XHKB-FM
- Guadalajara, Jalisco; Mexico;
- Frequency: 99.9 MHz (HD Radio)
- Branding: La Lupe

Programming
- Format: Variety hits

Ownership
- Owner: Multimedios Radio; (Radio Informativa, S.A. de C.V.);

History
- First air date: May 7, 1959 (concession) September 2, 2019 (FM)
- Former call signs: XEKB-AM (1959–2021)
- Former frequencies: 1590 kHz, 1410 kHz (–2021)

Technical information
- Licensing authority: CRT
- Class: A
- ERP: 3 kW
- HAAT: 287.5 meters (943 ft)
- Transmitter coordinates: 20°36′1.14″N 103°21′55.22″W﻿ / ﻿20.6003167°N 103.3653389°W

Links
- Website: www.lamusica.com/en/stations/xhkb

= XHKB-FM =

Radio station in Guadalajara, Jalisco

XHKB-FM is a radio station on 99.9 FM in Guadalajara, Jalisco.

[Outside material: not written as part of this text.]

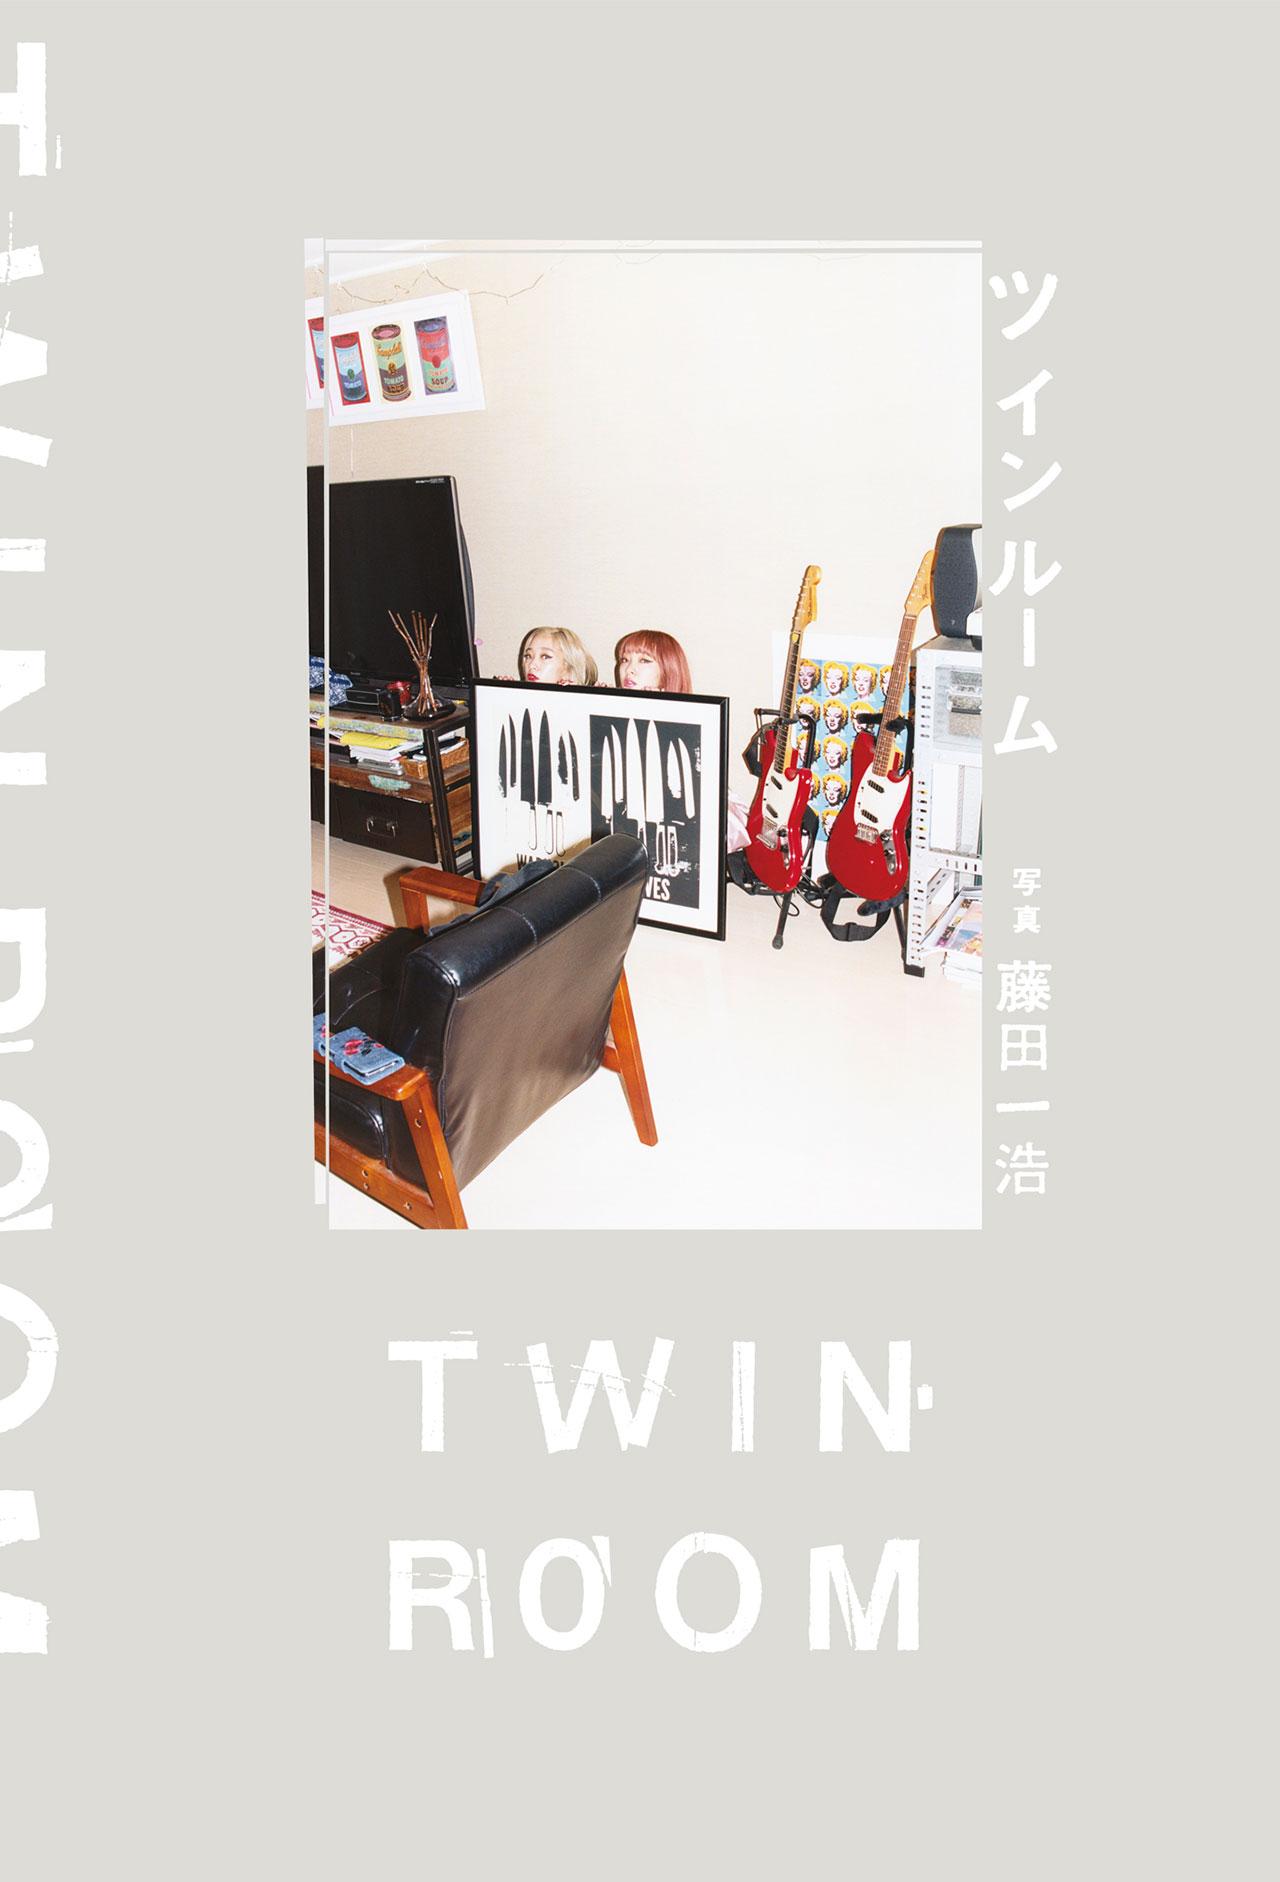 「TWINROOM」¥2,000
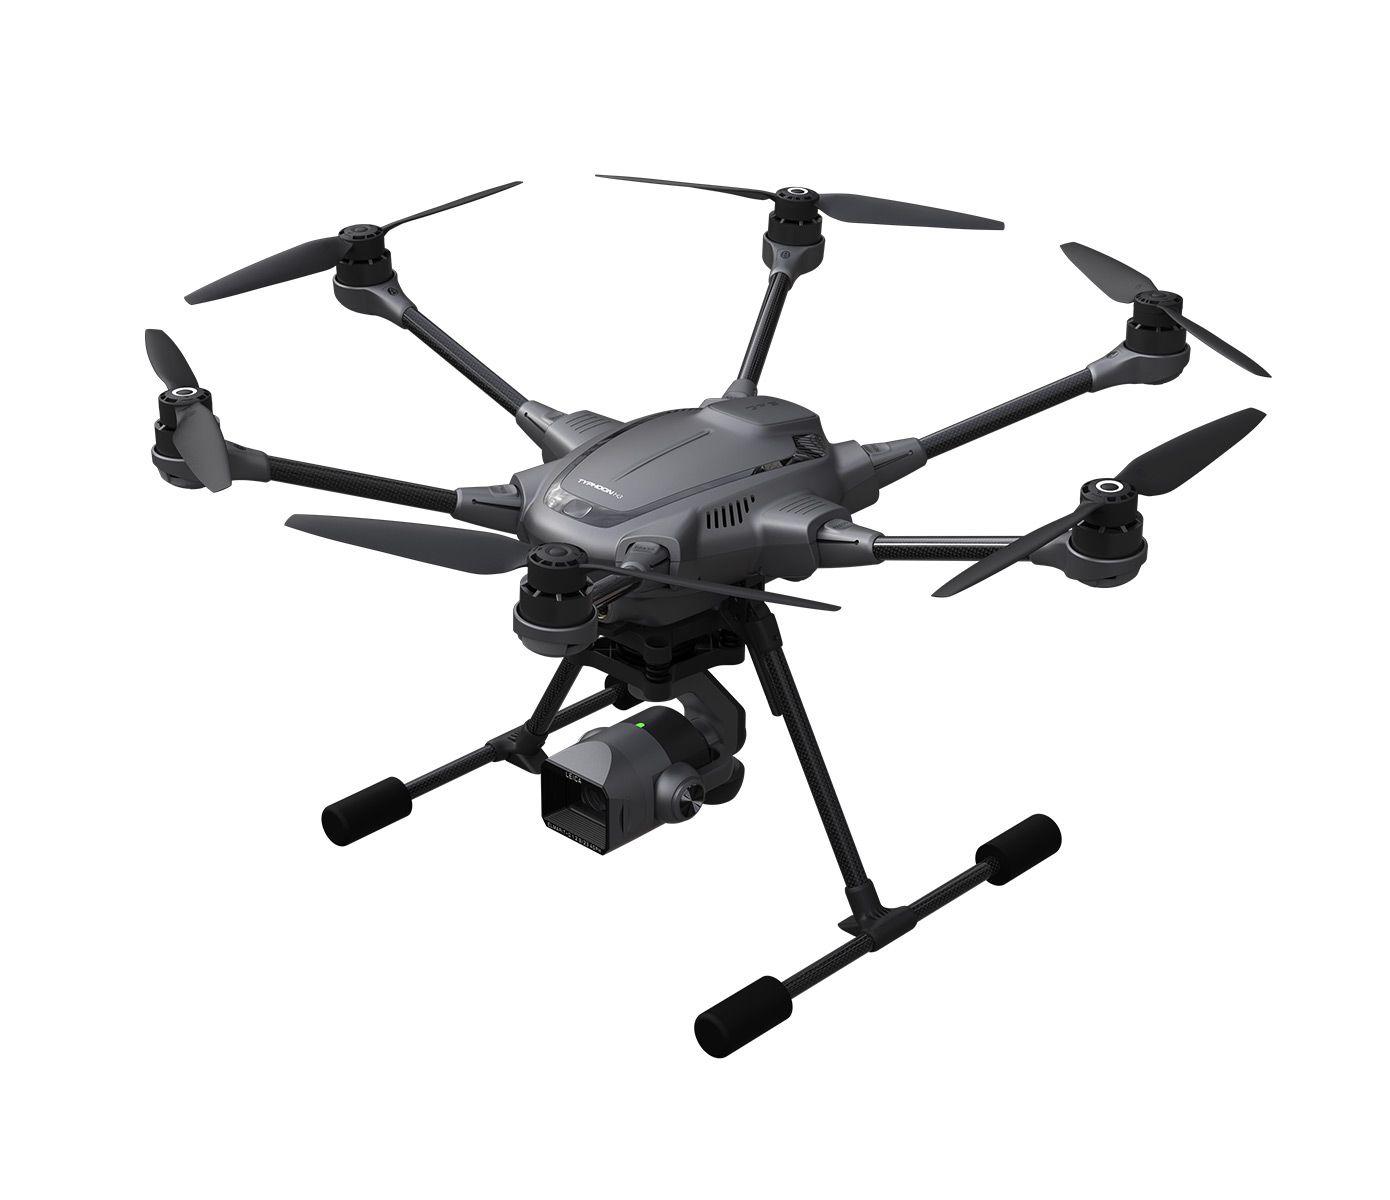 Yuneec Typhoon H3 | Best Drones for photogrammetry

It is owned by Multimedios Radio and carries its variety hits format, La Lupe.

==History==

Final logo as Canal 1410

XEKB-AM received its concession on May 7, 1959. It was owned by Promotriz Radiofónica, S.A., and broadcast from Atemajac on 1590 kHz. Between 1963 and 1966, XEKB moved down the dial to 1410, eventually raising power to 25,000 watts day. The station was sold by Radiodifusoras Capital to Grupo Radiodigital Siglo XXI, later absorbed by Grupo Radio México and then Grupo Radio Centro, in 2008.

In 2019, the station conducted its second-wave migration as XHKB-FM 99.9 with 3,000 watts ERP. It was announced on August 26, 2019, days after signing on, that XHKB would begin simulcasting Alfa from XHFAJ-FM Mexico City with local advertising on September 2, 2019, bringing Canal 1410 to an end after more than 40 years.

On September 3, 2020, the station started airing the Planeta pop format, which moved from XHDK-FM 94.7. A month later, on October 9, the station left AM for good. Planeta still carried a partial simulcast of Alfa's morning show "Toño Esquinca y la muchedumbre". A sale to Grupo Radio Digital, owner of stations primarily in southeastern Mexico, was announced in October 2021 by that company but never carried out.

Planeta announced it was ceasing operations on December 22, 2022. Two days later, the station switched to the La Lupe adult hits format from Multimedios Radio. Multimedios then received the concession in May 2023.